━━━ Data excerpt

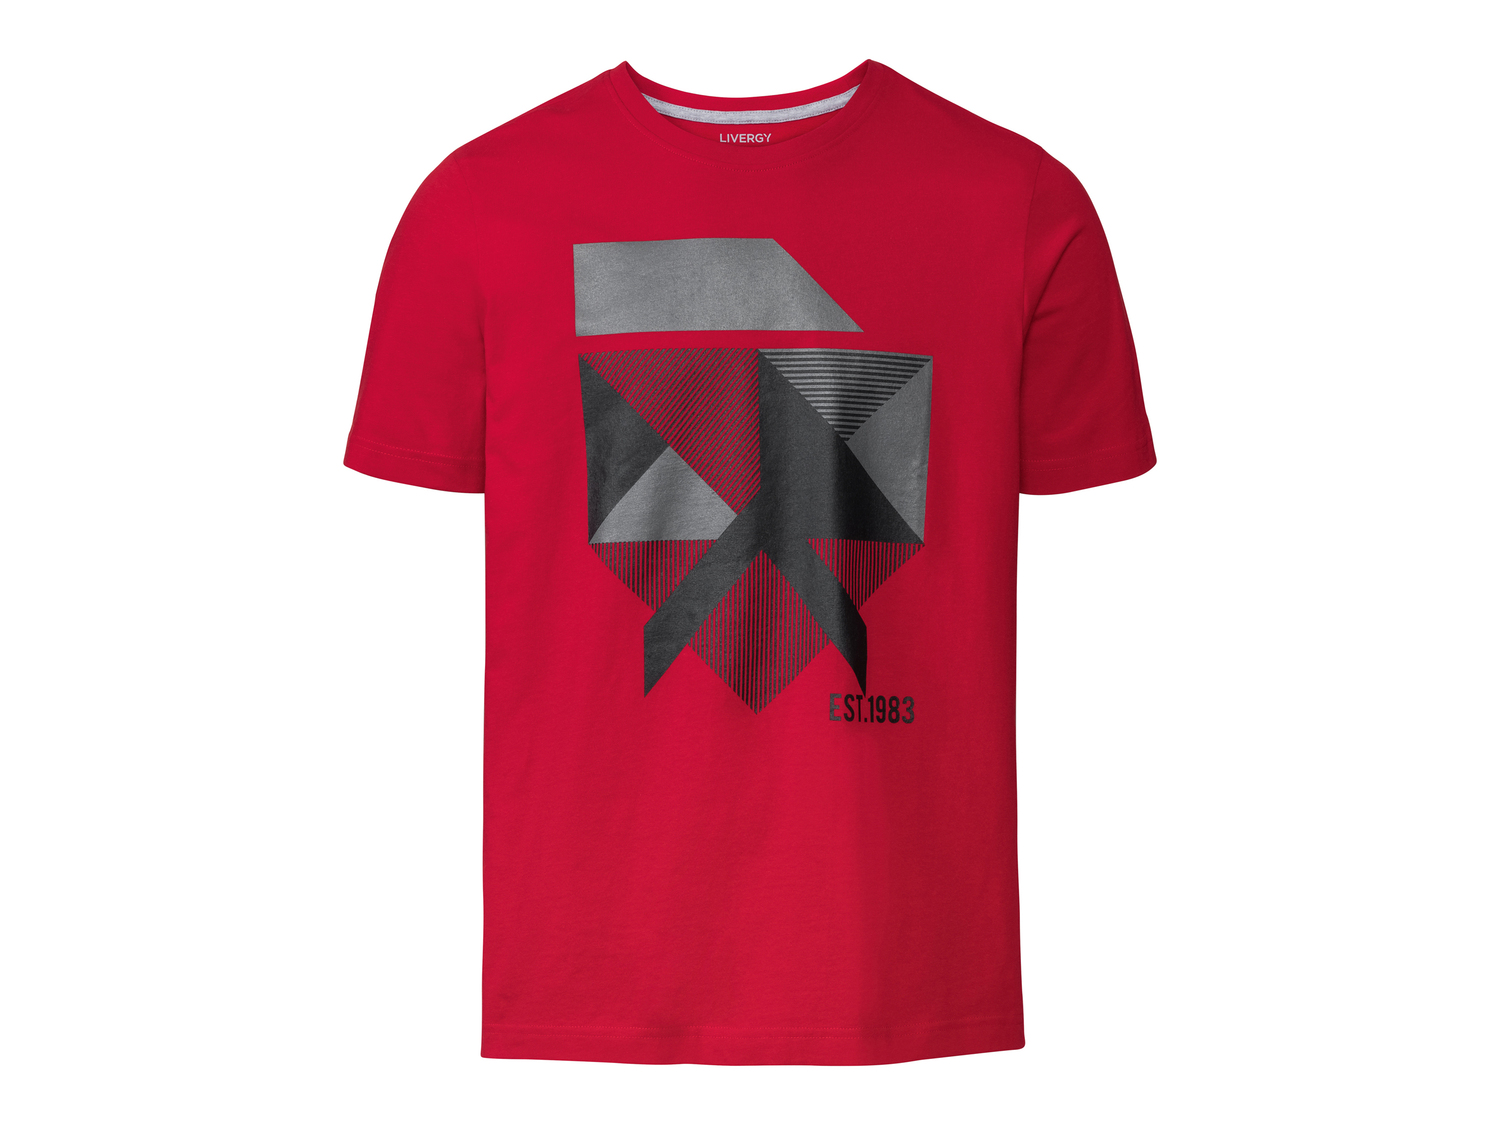 T-shirt da uomo Livergy, prezzo 4.99 € 
Misure: S-XL
Taglie disponibili

Caratteristiche ...

━━━━━━

§ Problem description: Give back an exact copy of the material above, omitting the pictures.

§ Solution for this exercise:
 T-shirt da uomo Livergy, prezzo 4.99 € 
Misure: S-XL
Taglie disponibili

Caratteristiche ...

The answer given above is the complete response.